Could Mexican narco-terrorism produce a massive open-source insurgency?

The news is full of the escalating war between Mexican drug traffickers and that country’s government, and it’s not a pretty picture – especially not for Mexico’s more northerly states and cities.

But what if the problems could spill over? Apparently they already have – there are claims that Canadian gang violence is connected to the Mexican situation, as is often the way with complex illicit supply chains.

John Robb hypothesises that it wouldn’t take much to spark an open-source insurgency in the region – one that could turn the northern states of Mexico and the southern states of the US into a no-go zone for the military forces of either country.

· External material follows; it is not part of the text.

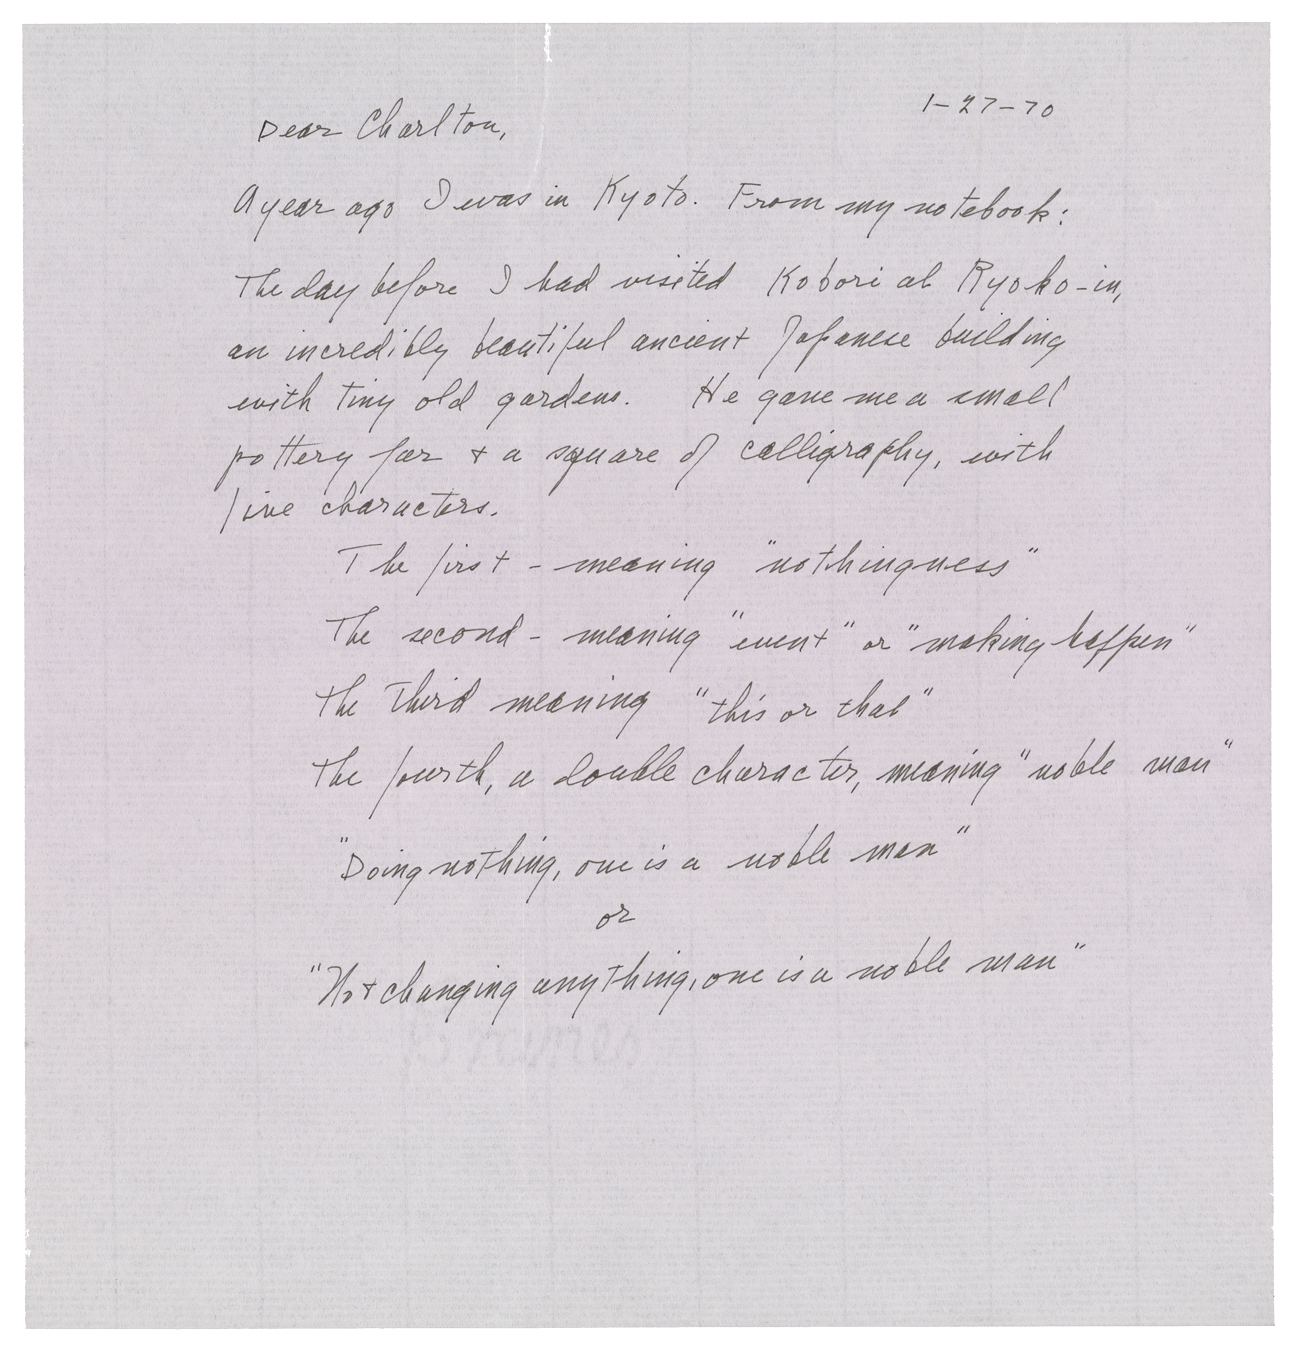 Lenore Tawney (142-3), letter to Maryette Charlton, Jan. 27, 1970 [cont'd below]

By itself, it’s doubtful that a narco/smuggling open source insurgency could accomplish this goal, although it would make a very good run at it (particularly given the declining budgets of their opponents).  However, the prospects for successful achievement of the plausible promise would radically improve  if the coming global depression drives

  • the creation of new violent groups — new primary loyalties formed from fear, revenge, and necessity — and
  • the economic deprivation necessary for a vibrant bazaar of violence — this is a marketplace that forms when, due to a need to purchase food and shelter, there is an endless pool of people willing to kill for a couple hundred bucks.

It’s not really that implausible an idea, and an illustration of the way that nation-state borders are being broken down by modern technology, economics and realpolitik.

When a nation can’t control an insurgency at this sort of scale, what will that do for its credibilty among its more stable neighbours?